A JEE question defines R on \mathbb{Z} by a cryptic condition — say "a \mathrel{R} b \iff a^2 + b^2 = some even number" or "a \mathrel{R} b \iff a - b is a multiple of ab." You stare at the condition and start writing a general proof. Ten minutes later, you have two contradictory lines and no idea which step is wrong. The fix is a single habit: before you prove anything abstract, plug in 0, 1, 2 (or the smallest concrete numbers allowed). If a property fails on small numbers, you kill the property in seconds. If it survives, your intuition is now sharp enough to write a clean general proof.

The rule in one line

Pick a, b, c \in \{0, 1, 2, -1, -2\} — whichever subset the relation is defined on — and run the property tests concretely. Small numbers are cheap; algebra on unknowns is expensive. Use the cheap tool first.

Why tiny integers: they expose the edge cases that abstract manipulation glides over. Zero is special (additive identity, annihilator for multiplication). One is special (multiplicative identity). Two is the smallest non-trivial case. If a property breaks on one of these, no amount of general algebra will resurrect it — so the 30-second concrete check saves you from writing a wrong "proof."

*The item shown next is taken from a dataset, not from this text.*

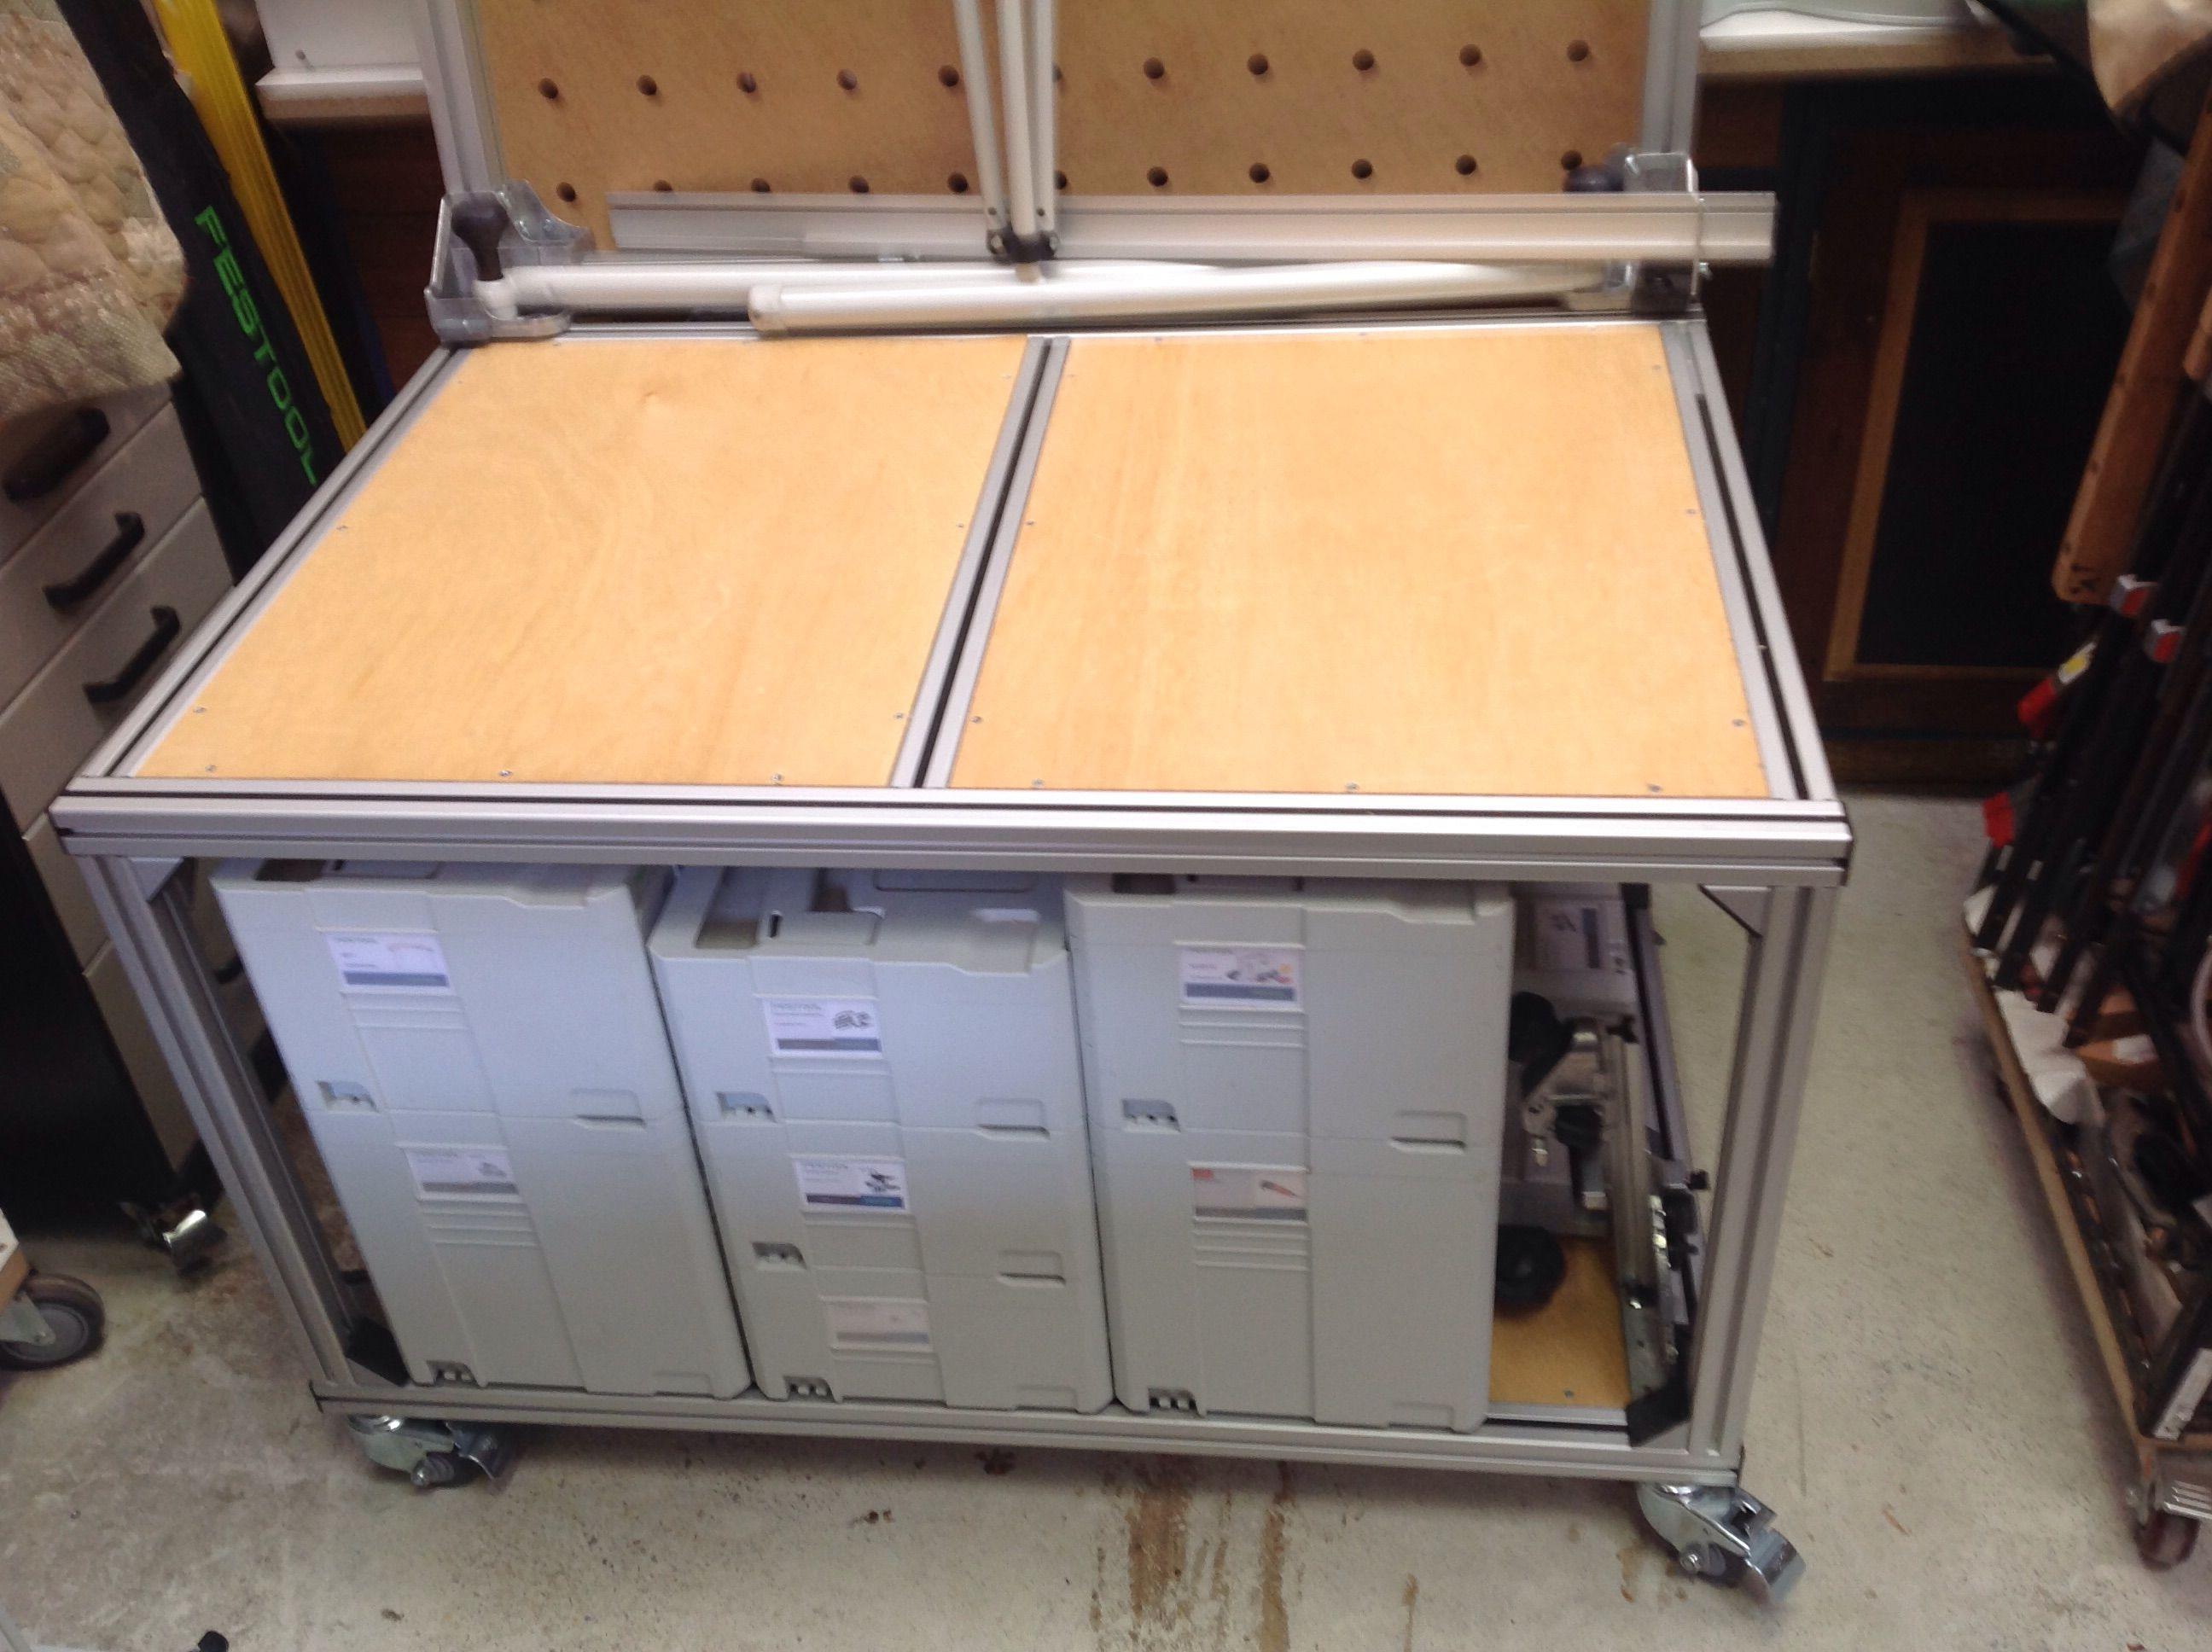 Garage aluminiumcabinet plan idea

Why small numbers are so effective

The three equivalence properties are universally quantified — they say "for all a" or "for all a, b, c." A single concrete counterexample kills the universal claim. So when you suspect a property might fail, the best weapon is concrete arithmetic, not abstract manipulation.

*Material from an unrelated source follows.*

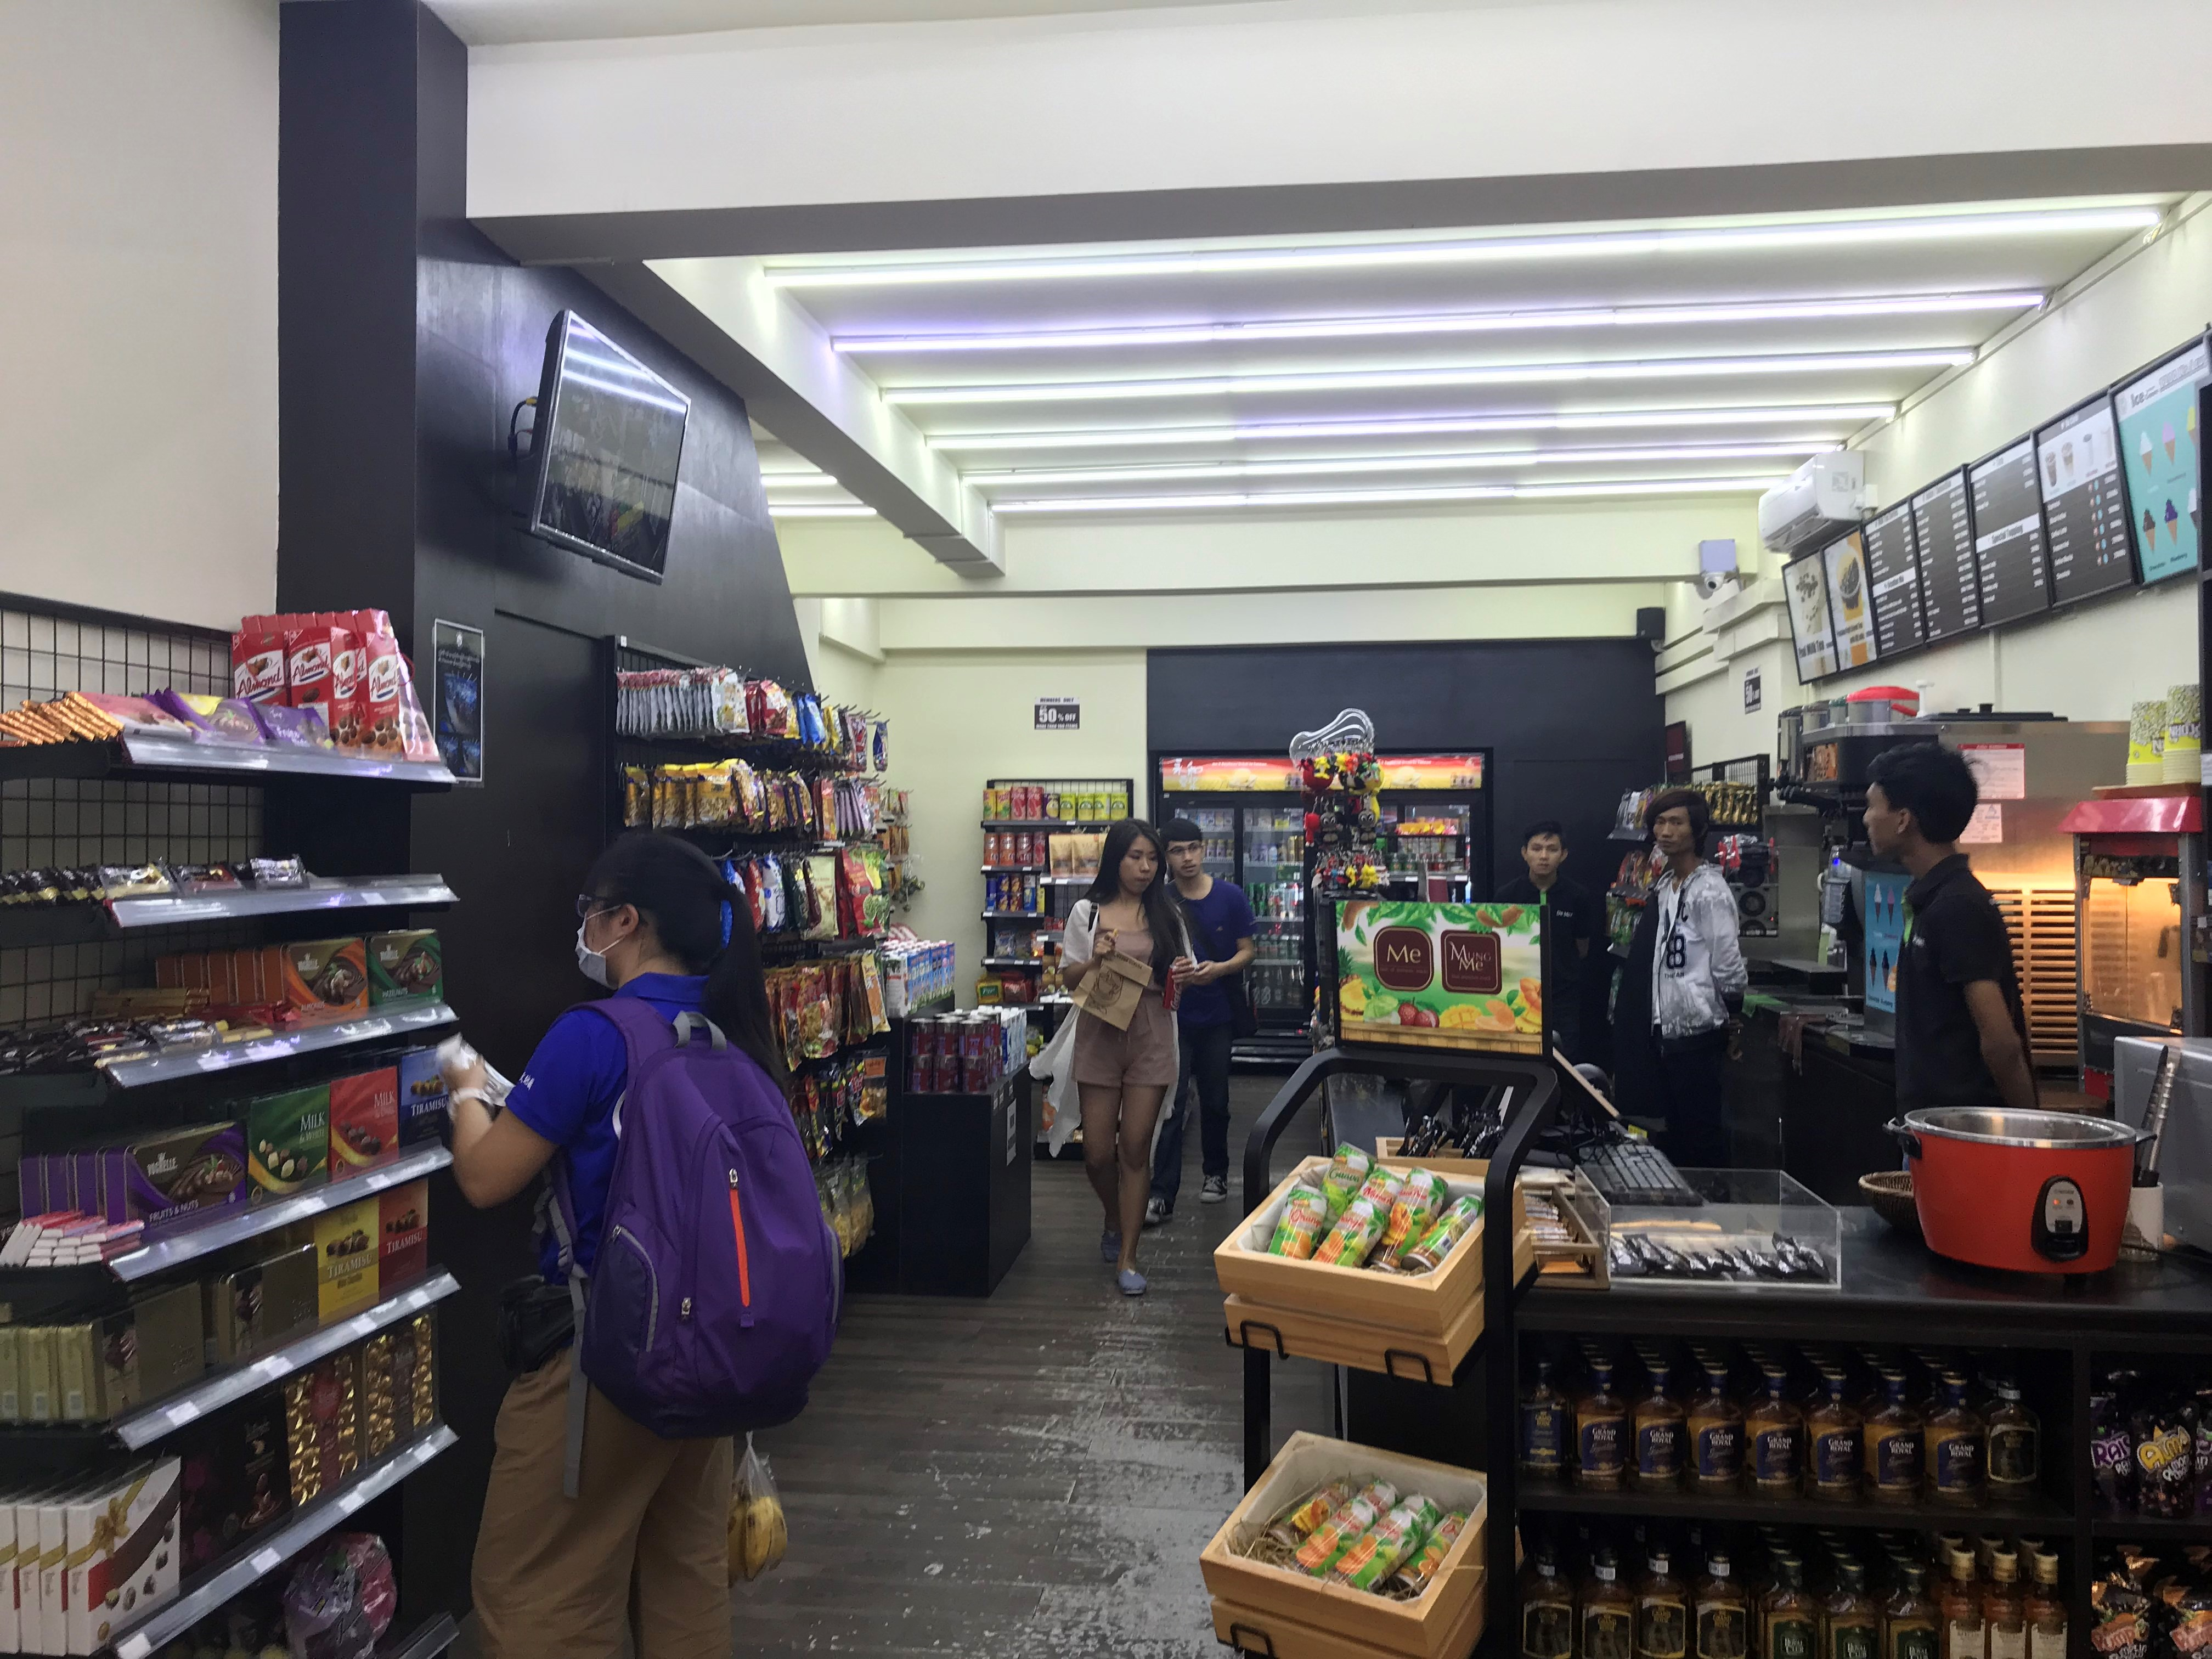 青年團隊抵達採訪的De Mart,觀察來客與環境,以了解當地市場

Even when the property does hold, computing examples teaches you the pattern. You see how a - b behaves, what a^2 + b^2 reduces to, when the condition is tight and when it is loose. By the time you write the general proof, you know which algebraic move to make.

The three-column workbench

Three column concrete testing workbenchA table-like figure with three columns labelled Reflexive, Symmetric, and Transitive. Under each column heading is a row showing the concrete test with small numbers — (0,0) and (1,1) for reflexive, (1,2) and (2,1) for symmetric, (1,2) and (2,3) and (1,3) for transitive. A footer note reads "one yes or no per column decides that property." Reflexive Symmetric Transitive (0, 0)? (1, 1)? (2, 2)? all in R? (1, 2)? then (2, 1)? or another small pair (1, 2), (2, 3)? then (1, 3)? three small numbers in a row one counterexample per column kills the property
Three columns, three concrete tests. Run each test on the smallest allowed values; if any fails, the property is dead. If all pass, you still need a general proof — but now you know what to prove.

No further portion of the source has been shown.